Beim gemeinsamen Abschlussgottesdienst appellierte Papst Benedikt XVI. an die Verantwortlichen aus Politik und Wirtschaft in aller Welt, durch sichere und familienfreundliche Arbeitsbedingungen zur Förderung der Familien beizutragen. Diese Wegweisung gibt uns auch in Deutschland Orientierung - besonders in der gegenwärtigen Auseinandersetzung, wie man Kinder nachhaltig fördern und Eltern in ihrer Erziehungsverantwortung unterstützen kann.
Wo Familie den Gesetzen von Ökonomie und Arbeitsmarkt unterworfen wird, geschieht faktisch eine Relativierung ihrer Bedeutung für unsere Gesellschaft. Familie ist Keimzelle der Gesellschaft.
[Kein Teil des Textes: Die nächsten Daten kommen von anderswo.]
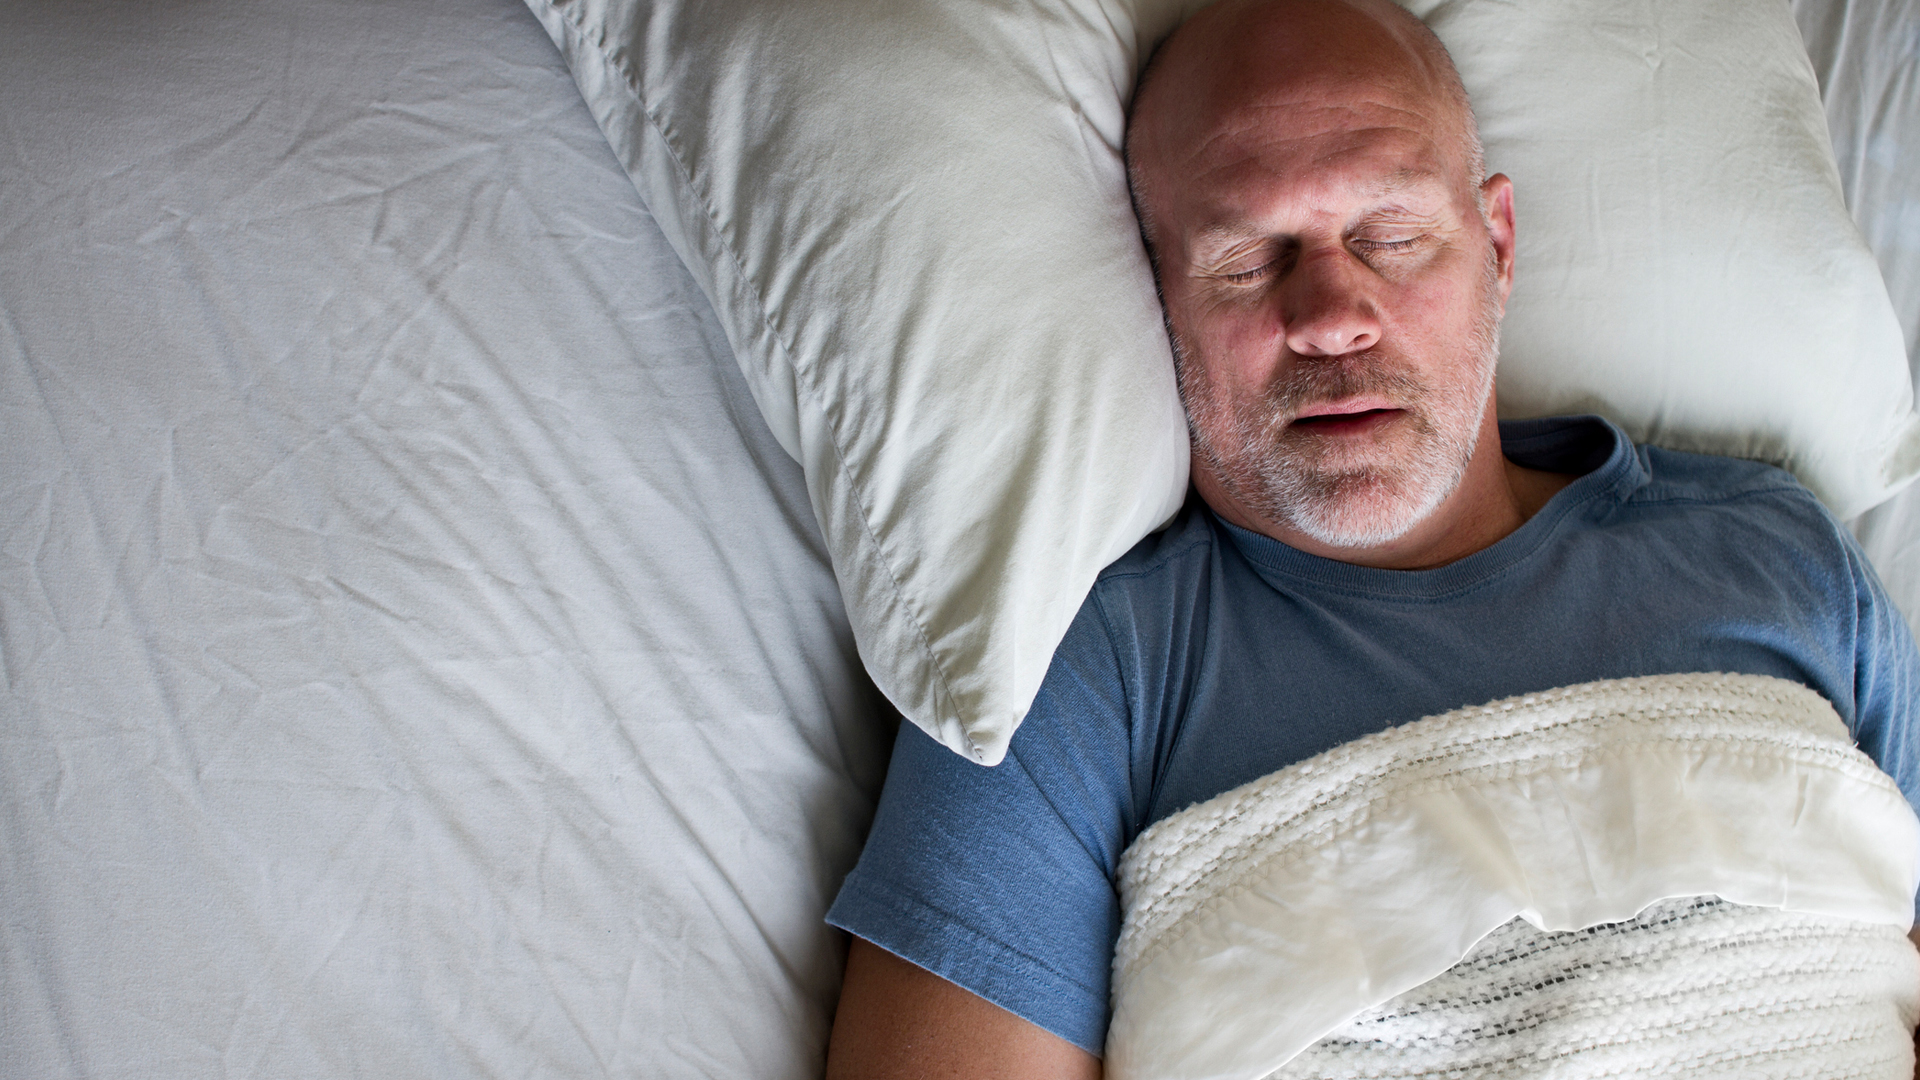 5 Major Sleep Apnea Symptoms in Senior Citizens

Familie steht für die Vermittlung von Verlässlichkeit und Verbundenheit und einer daraus erwachsenden Verbindlichkeit.
Darum muss auch unser Staat ein echtes Interesse daran haben, Familie so zu unterstützen, dass die Eltern ihre Erstverantwortung für die Erziehung ihrer Kinder wahrnehmen können. Ganz in diesem Sinn hat sich der Bischof von Eichstätt, Dr. Gregor Maria Hanke OSB, deutlich für das geplante Betreuungsgeld ausgesprochen und vor falschen Einseitigkeiten gewarnt. Es geht um Ermöglichung, Anerkennung und damit Hochschätzung elterlicher Erziehungsverantwortung. Die eigenen Kinder zu erziehen, hat nach unserem Grundgesetz einen politischen Vorrang und entspricht der Verantwortung der Eltern. Beides gehört auch zum Kern der katholischen Soziallehre. Die Kirche tritt dafür ein, dass Familie - als Ort gelebter Liebe und Treue - der erste Erfahrungsraum und Bildungsort der Kinder ist. Diese Priorität ist mehr als ein Privileg. Wenn die wirtschaftliche Situation es heutzutage für viele Familien notwendig macht, dass beide Elternteile erwerbstätig sein müssen, können die Familien nur schwer ihrer kirchlichen Berufung und gesellschaftlichen Bedeutung gerecht werden. In der gegenwärtigen Debatte um das Betreuungsgeld entsteht oft der Eindruck, dass das Wohl der Kinder wenig Fürsprecher hat. Manche Argumentation dagegen bemüht den Fachkräftemangel, ein einseitiges Emanzipationsverständnis oder auch das Interesse an der künftigen Auslastung bestehender Kindertagesstätten.
Christen setzten auf die Gesinnung Jesu, wenn sie den Wert von Eigenverantwortung und Gemeinsinn bedenken. In seinem Brief an die Kolosser spricht der Apostel Paulus vom Geist der Kindschaft und Geschwisterlichkeit, den junge Menschen in der Familie erlernen können, wo sie in der Zuwendung der Eltern Gott vor Augen bekommen: „Ihr seid von Gott geliebt (...). Darum bekleidet euch mit aufrichtigem Erbarmen, mit Güte, Demut, Milde, Geduld! Ertragt euch gegenseitig und vergebt einander, wenn einer dem andern etwas vorzuwerfen hat" (Kol 3,12f.). Diese Pädagogik gewinnt durch das Profil des Glaubens eine Priorität für unsere Gesellschaft. Die unterstützte Möglichkeit der Eltern, die Erstverantwortung für die Erziehung ihrer Kinder übernehmen zu können, macht die Familie zu Biotopen von Wertebildung und Sinnvermittlung. Wo Eltern in dieser Verantwortung an Grenzen stoßen, brauchen sie zugleich die Hilfe der Kirche und des Staates. Hier kommt in den Blick, was wir nach einem Wort des französischen Dichters Antoine de Saint-Exupéry als Gesellschaft noch zu lernen haben: „Eine Gemeinschaft ist nicht die Summe an Interessen, sondern an Hingabe."